Correlation analyses (Figure 6a) revealed that BF was positively correlated with soil TN (p < 0.01). Soil NH₄⁺-N, NO₃⁻-N, NH₄⁺-N/NO₃⁻-N ratio, C/N ratio, SOC, DOC, UE, pH, and EC all showed significant positive correlations with soil TN (p < 0.05), while TV (total leachate volume) was negatively correlated with soil TN. BF and U application rates were significant influencing factors of E_NH3,tot and TDN (p < 0.01). Except for the NO₃⁻-N, NH₄⁺-N/NO₃⁻-N ratio, C/N ratio, and TV, all other factors were significantly positively correlated with E_NH3,tot, while TV showed a significant negative correlation. Similarly, BF and U were also key factors influencing TDN (p < 0.01). All factors, except the NH₄⁺-N/NO₃⁻-N ratio and C/N ratio, were significantly positively correlated with TDN (p < 0.01). Random forest analysis (Figure 6b–d) identified the top predictors: for soil TN, pH (7.79%), SOC (7.37%), and soil NH₄⁺-N (7.25%) were the most important variables (p < 0.05); for E_NH3,tot, the key predictors were soil NH₄⁺-N (15.61%), pH (13.20%), and NH₄⁺-N (12.47%) (p < 0.05); for TDN, DON (19.01%), NH₄⁺-N (10.75%), and NO₃⁻-N (8.28%) were most influential (p < 0.05).
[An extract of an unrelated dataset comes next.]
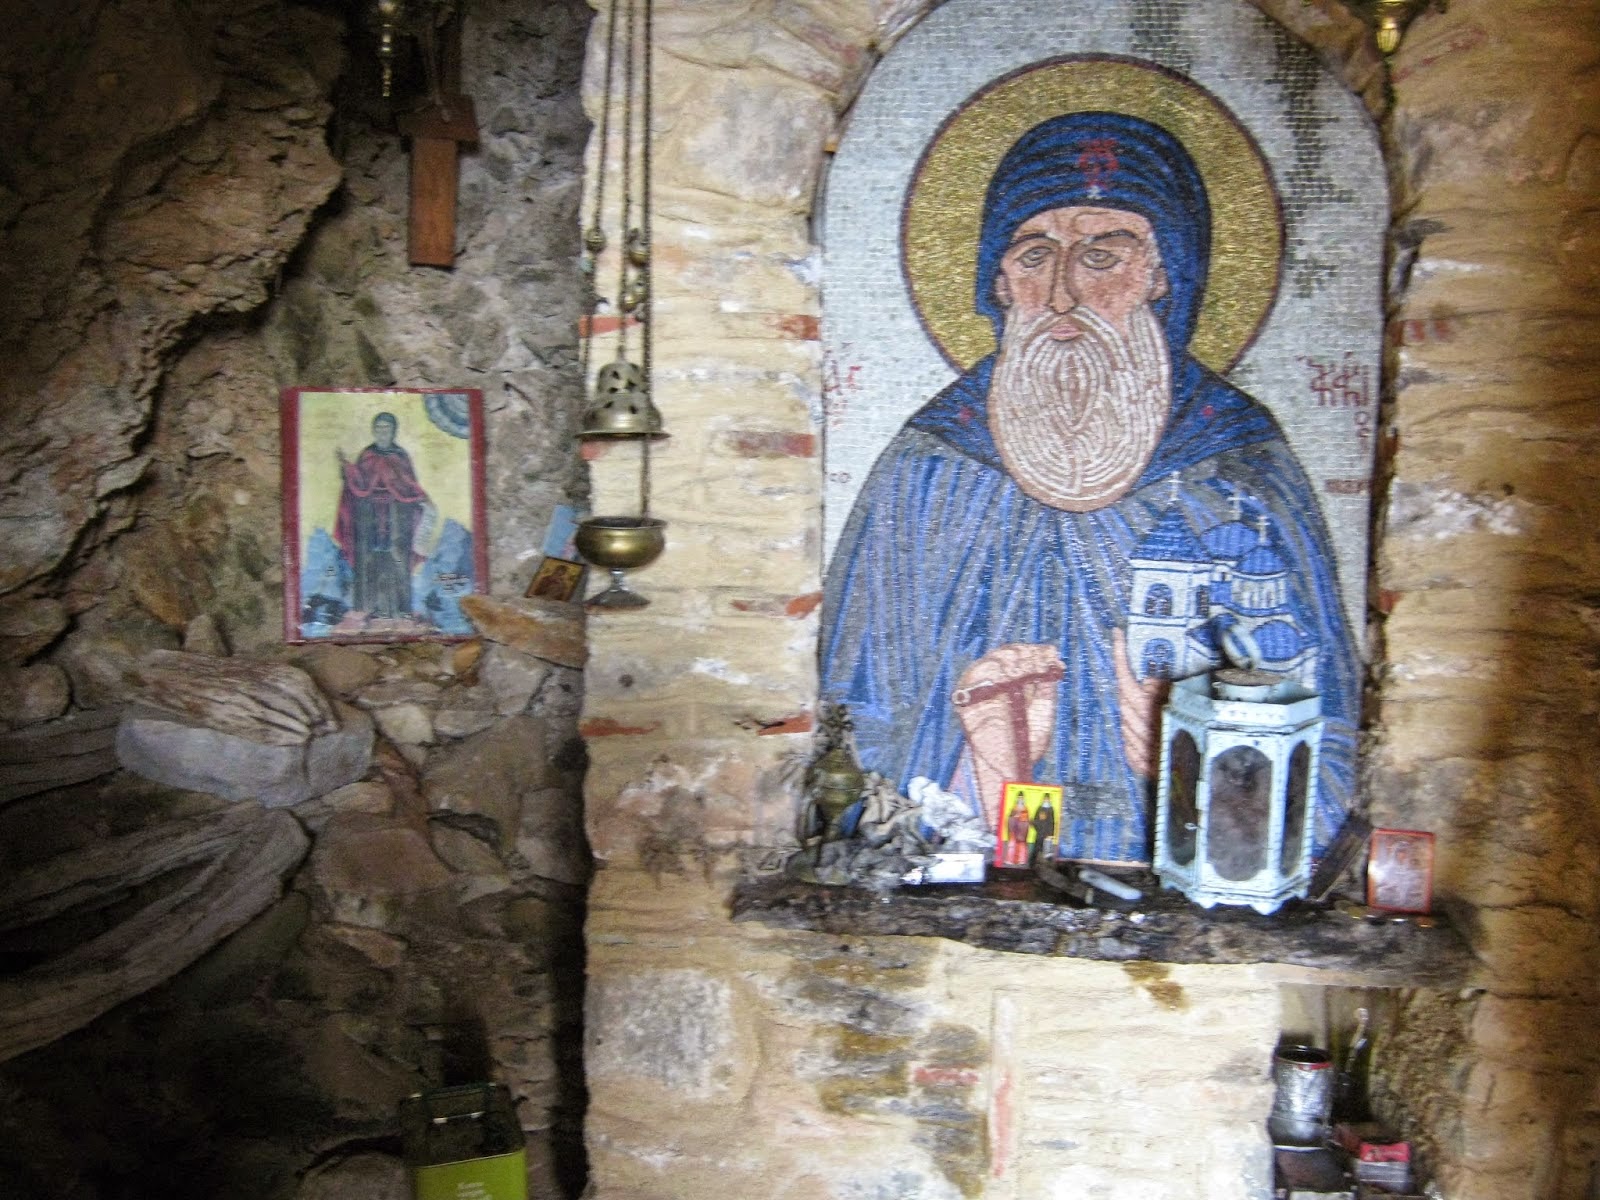 5413 - Φωτογραφίες από το σπήλαιο του Αγίου Ακακίου του Καυσοκαλυβίτη - Φωτογραφία 1

3.4.3. Path Modeling of Nitrogen Transformation Mechanisms

Partial least squares path modeling (PLS-PM) was employed to further elucidate the relationships among soil chemical properties, leachate physicochemical characteristics, soil N retention, leaching, and E_NH3,tot under various levels of BF and U co-application (Figure 7a). The results indicate that BF and U co-application had direct and significant positive effects on soil chemical properties (path coefficient = 0.592), soil TN (0.253), TDN (0.990), and E_NH3,tot (0.926). Soil chemical properties directly and positively influenced the leachate properties (0.398), while showing a significant negative effect on TDN (−0.737). Leachate properties had significant positive effects on both TDN (0.902) and TN (0.682), whereas TN had a direct negative effect on TDN (−0.552). As shown in Figure 7b, the impact of BF and U co-application on leachate properties (0.912) was primarily indirect, and the influence of soil chemical properties on E_NH3,tot (−0.832) was also predominantly indirect. In summary, the proportion and application rate of BF and U were the principal driving factors governing N migration and transformation in tea orchard soils. Their co-application not only directly affected the physicochemical properties of the soil but also indirectly influenced N retention, leaching, and volatilization.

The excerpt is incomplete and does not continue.